Rama and the dragon is a novel written by the author Edwar al-Kharrat and was published in 1980. After 16 years of its publishing, it became a trilogy with the publication of the second novel "The Other Time" and the third novel "The Certainty of Thirst" is considered a distinct style of autobiographical writing and one of the best 100 Arabic novels. The novel won the Naguib Mahfouz Medal for Literature.

Plot 
The novel is told as a dialogue between a man and a woman and has mythological, Pharaonic, Greek and Islamic elements mixed together.
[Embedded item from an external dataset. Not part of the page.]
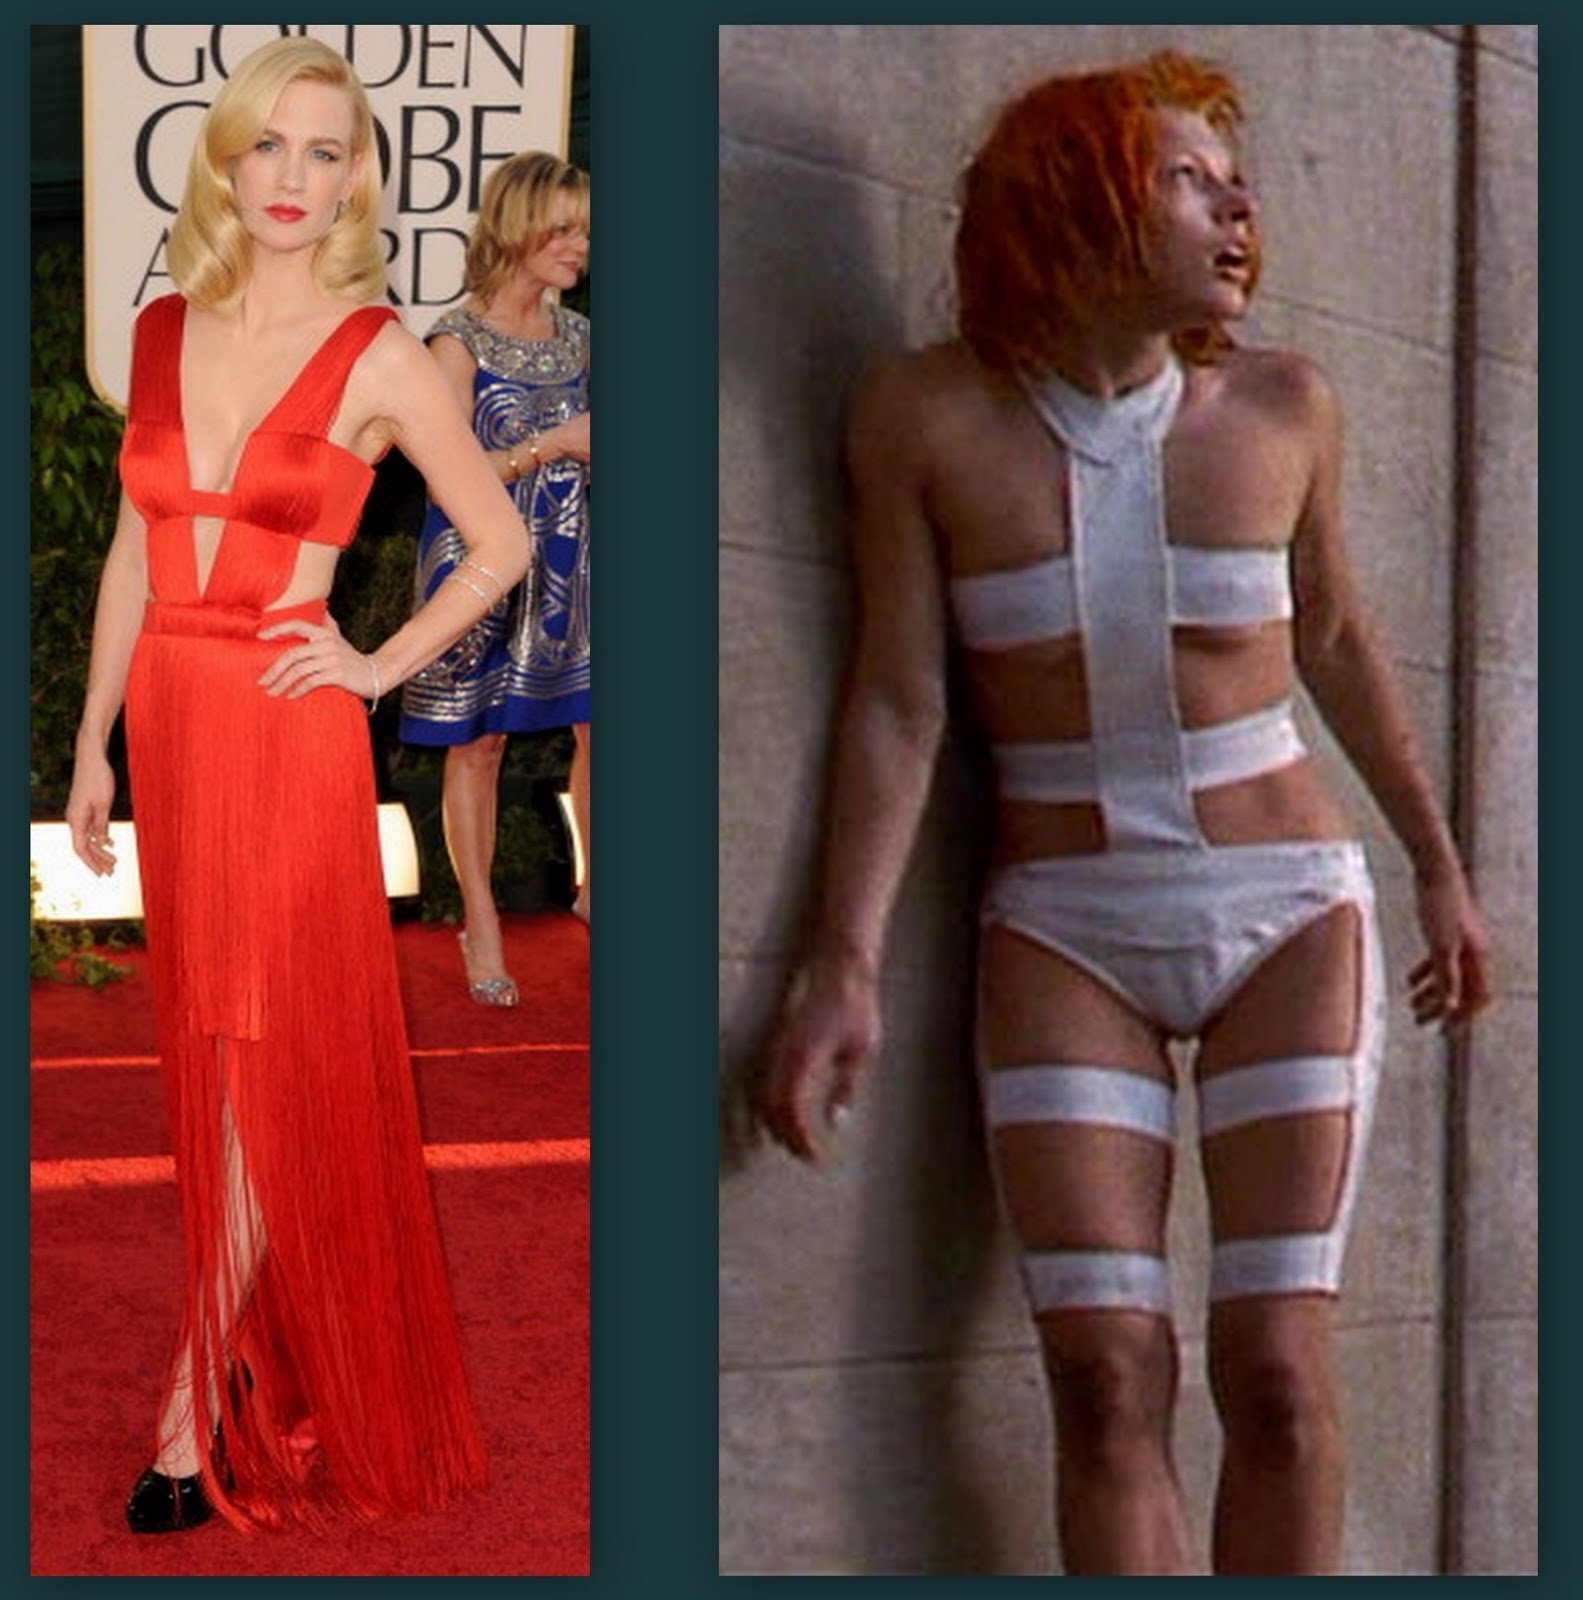 http://2.bp.blogspot.com/_wGl3bmdTX_E/TTVQLI3Wr7I/AAAAAAAAAnQ/IPezU554ZG0/s1600/Dress+Mess8.jpg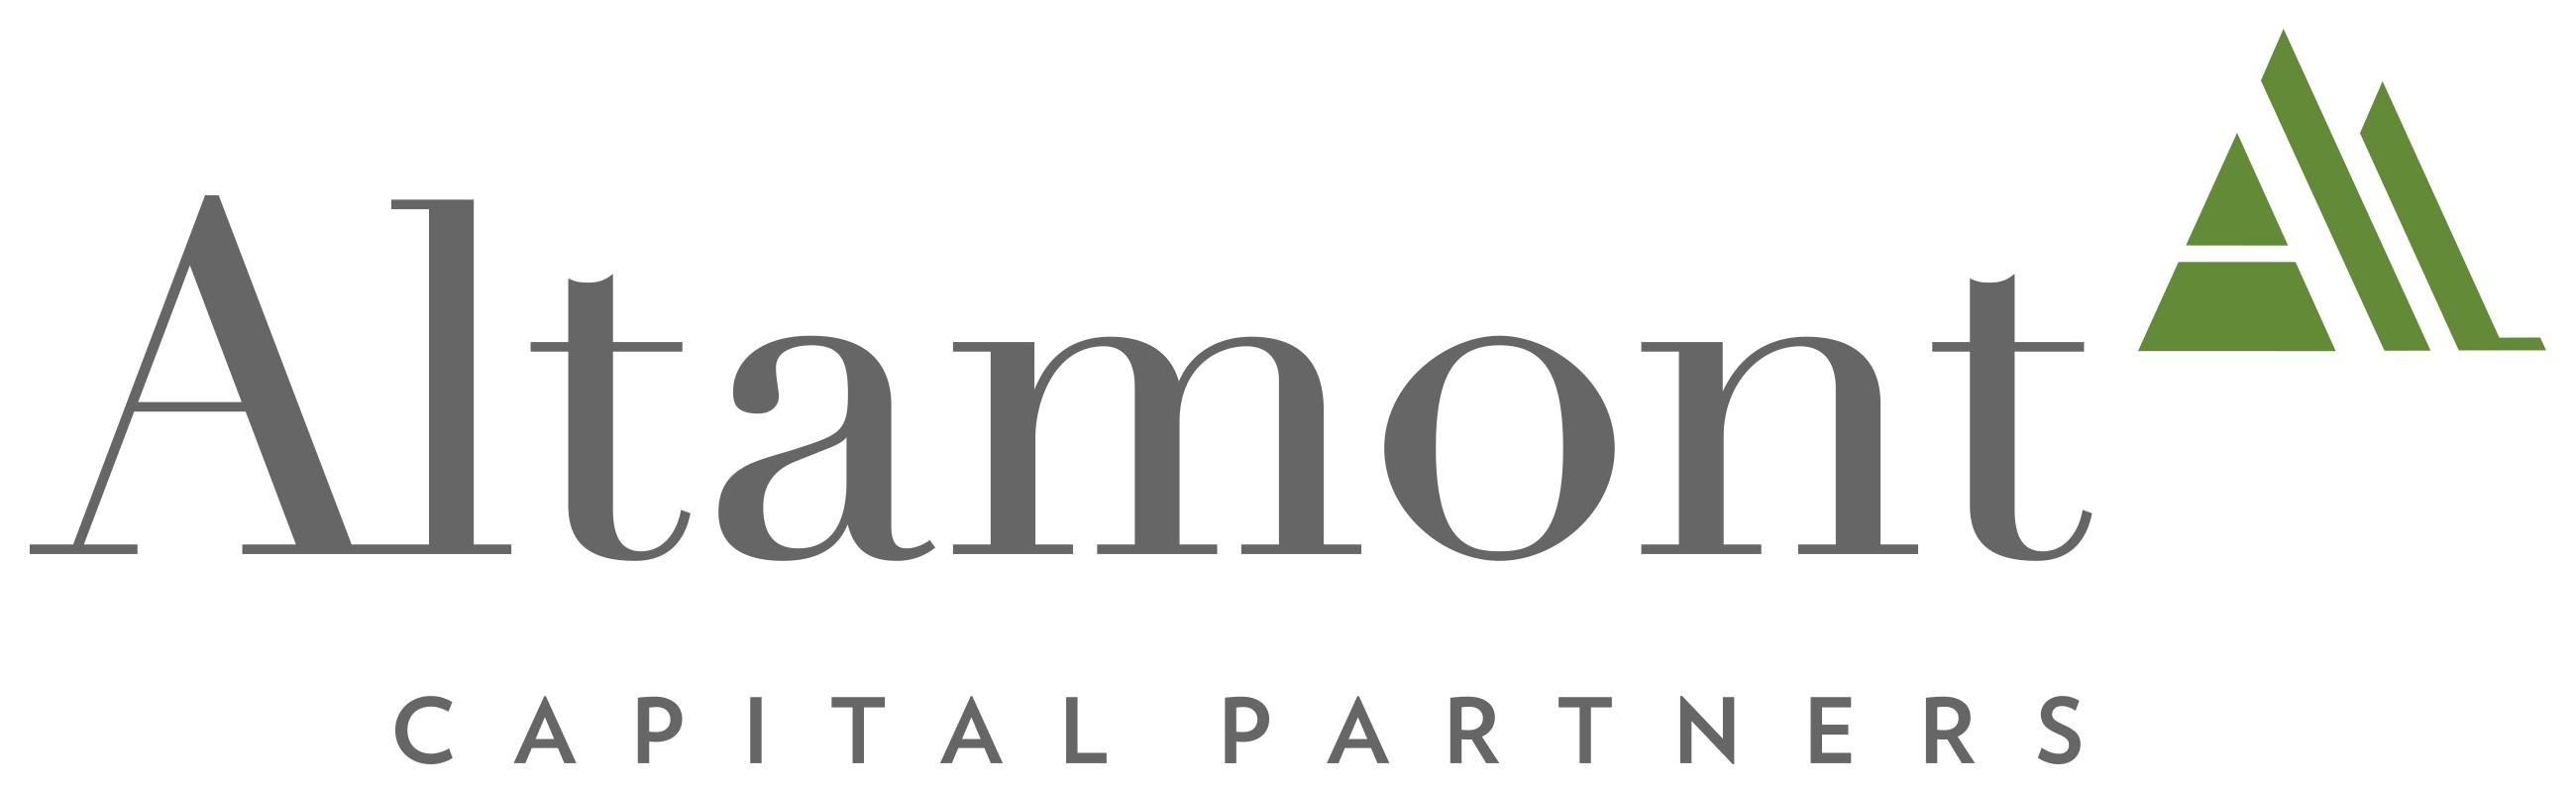 Altamont Capital Partners | LinkedIn

The novel is a great example of Edwar al-Kharrat's literature in talking about the experimental novel with its own investigations and in-depth research into the aesthetics of the languages, in addition to the writer's reliance on the torrent of awareness technique that permeates the text's fabric through the character of "Rama", which in turn is also deeply rooted with the stream of conciseness technique "Mikhail" and his own thoughts and inner monologues that uncovers many memories.The novel is multi-layered, deep conversations around the human experience and the struggle one faces with polarities wrapped in the story of an unrequited love that Rama and Mikhael live.

About the author 
Edwar al-Kharrat is an Egyptian novelist and art critic born in Alexandria on 16 March 1926. He obtained his law degree from Alexandria university in 1946. He published many studies and translated many articles in various Arab and Egyptian magazines. His novel, Rama and the dragon, was taught in the university of Paris in 1984, and in 1973 he won the "State Award" for Short Stories and the "French-Arab Friendship Award" in 1991.

Critical Review 
Sami Khashabah says in his study about how "Rama and the Dragon is an Egyptian tragedy" and specifically about the importance of "Rama  and the Dragon" novel, and the significance of expressing it through this style of writing: “When Edwar Al-Kharrat wrote this novel, he wrote it in a clear way, expressing the experience of lost love that the Egyptian Coptic scholar lives, whose culture was built around the fact that he is Coptic looking through things in that way, and to his community and language and from his own understanding of his history".